Book Review: Signs Preceding the End of the World

Daniel McElroy – 22 January 2019

Herrera, Yuri. Signs Preceding the End of the World. Translated by Lisa Dillman. London: And Other Stories, 2015.

 

Yuri Herrera’s Signs Preceding the End of the World, translated from Spanish by Lisa Dillman, arrived in English in 2015, mere months after many thousands of “unaccompanied minors” from Central America arrived in the U.S. seeking asylum and amidst intensifying presidential campaigns. As the reductive national conversation obsessed over border policy, security, and national identity – but rarely considering the individuals whose border-crossing transgresses these mutually reinforcing processes of nation-building – Herrera’s narrative, barely one hundred pages long, was not just a translation from Spanish to English, but an attempt to translate the very experiences that are so absent from mainstream discussion.
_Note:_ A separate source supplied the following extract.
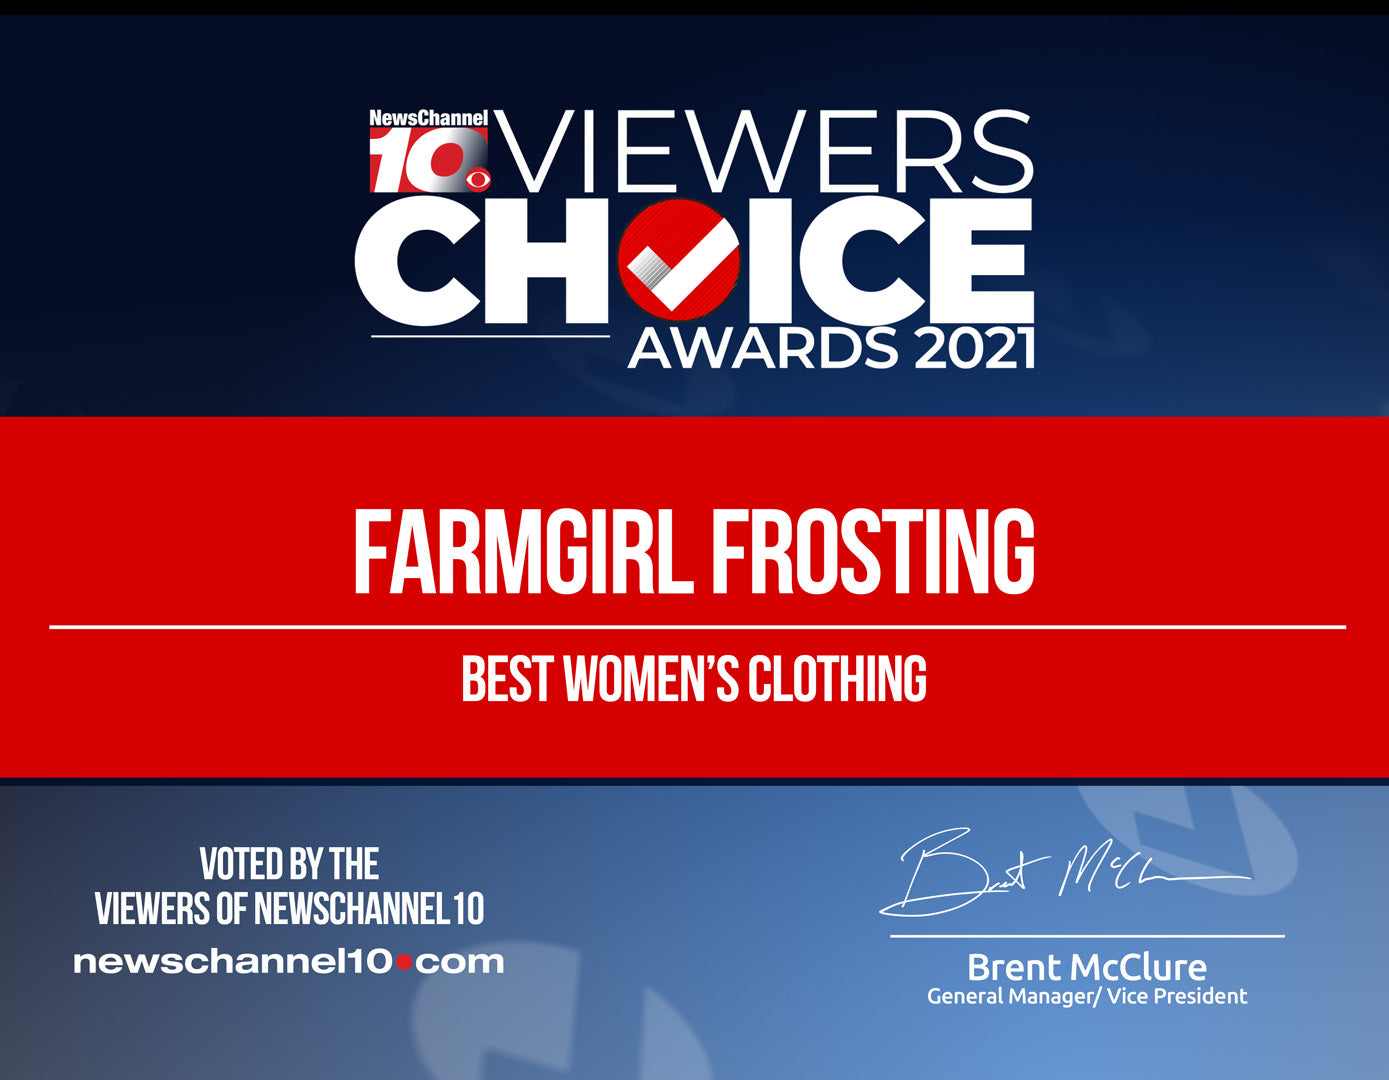 image: 2021 Best Women's Clothing - Amarillo News Channel 10 Viewers Choice Awards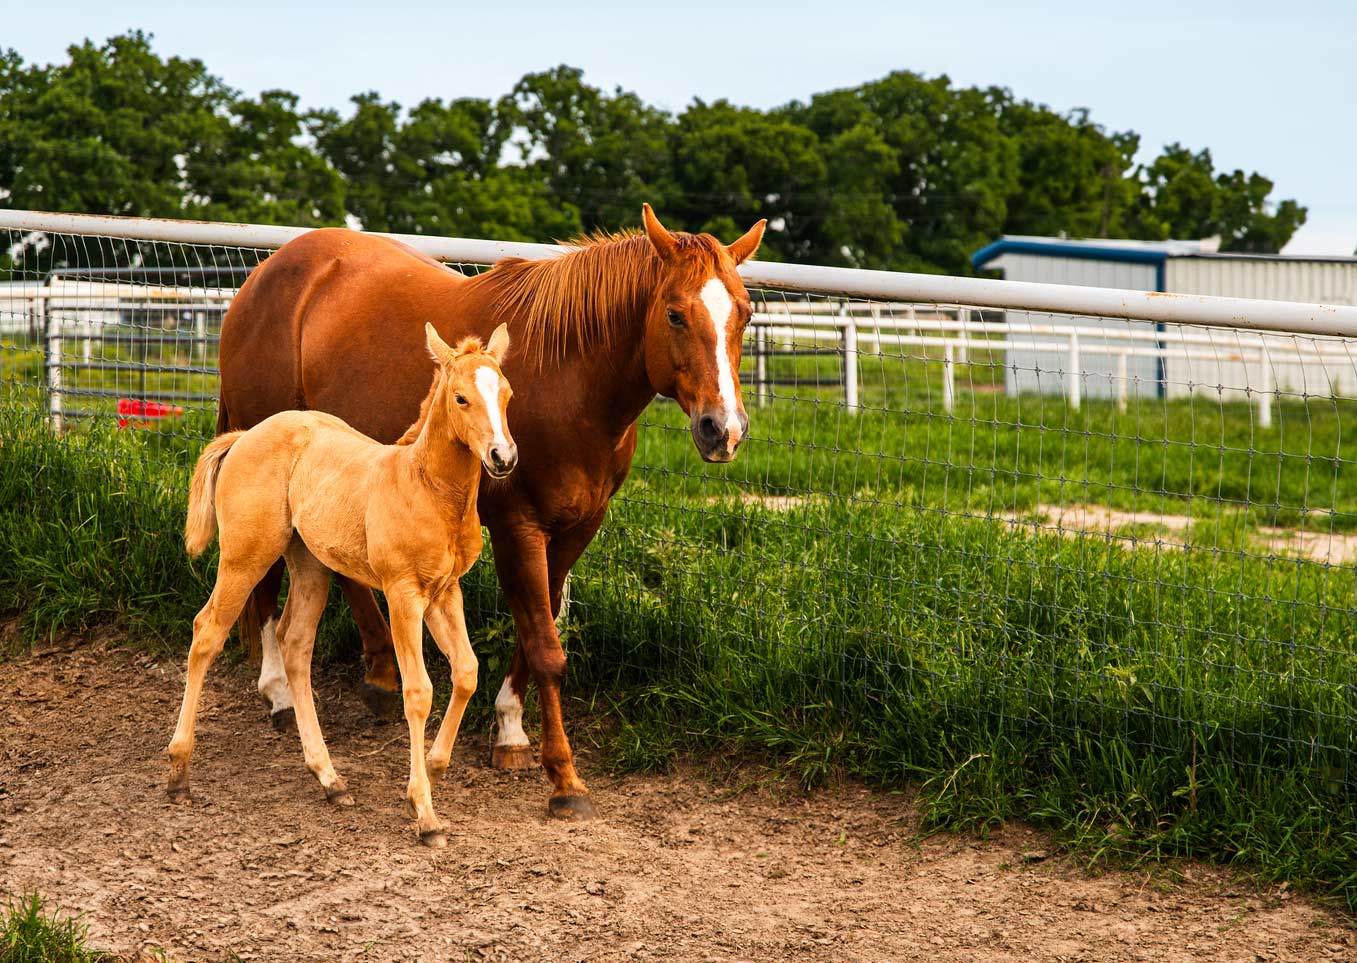 A mother horse walking with her foal.

Makina, the novella’s heroine, undertakes a journey to the “other side” on her mother’s behalf, to beg her brother to come home. Mexico and the U.S. are rarely mentioned explicitly. Their deliberate, nameless invocation is almost mythical: “signs prohibiting things thronged the streets, leading citizens to see themselves as ever protected, […] salt of the only earth worth knowing” (56) describes American society, for example. Though Herrera’s ethereal approach to writing borderlands skirts magical realism—a somewhat overused catch-all for Latin American fiction—Signs might better be termed an epic. When we meet Makina, she is already working connections in Mexico to plan the crossing and her movement never stops: confronting abusers on the journey, crossing the river, running from a vigilante militiaman. Finally, she reunites with her brother, whose life in the U.S. under an assumed identity is nothing like his messages home had implied.

Translation—both literal and metaphorical—abounds in Signs, and Herrera’s poetic language (bolstered by Dillman’s translation, carefully replicating his colloquial, immediate tone) illustrates complexity too often ignored by American discourse. Fluent in Spanish and English, Makina’s ability to literally translate her surroundings rescues her from situations that might have meant deportation for a monolingual Spanish-speaker; at one point, she talks several detainees out of an immigration roundup and the arbitrary nature of the encounter comes into stark relief, as we understand exactly what would happen without her.

Figuratively, Makina’s observations of the U.S. (as quoted above) offer the English-speaking reader an inverted viewpoint from which to understand America. Above all, she is presented as a messenger, constantly reaffirming her desire to return home—introducing the possibility that not all migration in North America has the same motivations or stakes as hegemonic narratives would have us believe. Makina’s internal wrestling with expectation, responsibility, and the impermanence of migration makes accessible a state of existence almost invisible in American discourse: “You don’t decide which messages to deliver and which to let rot. You are the door, not the one who walks through it” (18).

On the other hand, one wonders whether the fantastical, epic nature of Herrera’s narrative makes Makina’s case sympathetic only insofar as it is exceptional. For a society so preoccupied with identifying right and wrong among its immigrants, Makina’s example is, frankly, dangerous—it might for instance help the skeptical reader further demonise her brother’s “illegality”. Despite this, perhaps it is not that Herrera and Dillman have somehow failed in rendering Makina’s story, but that many more such accounts will be needed in English before the American conversation surrounding migration truly begins responding to their unquestionable particularity.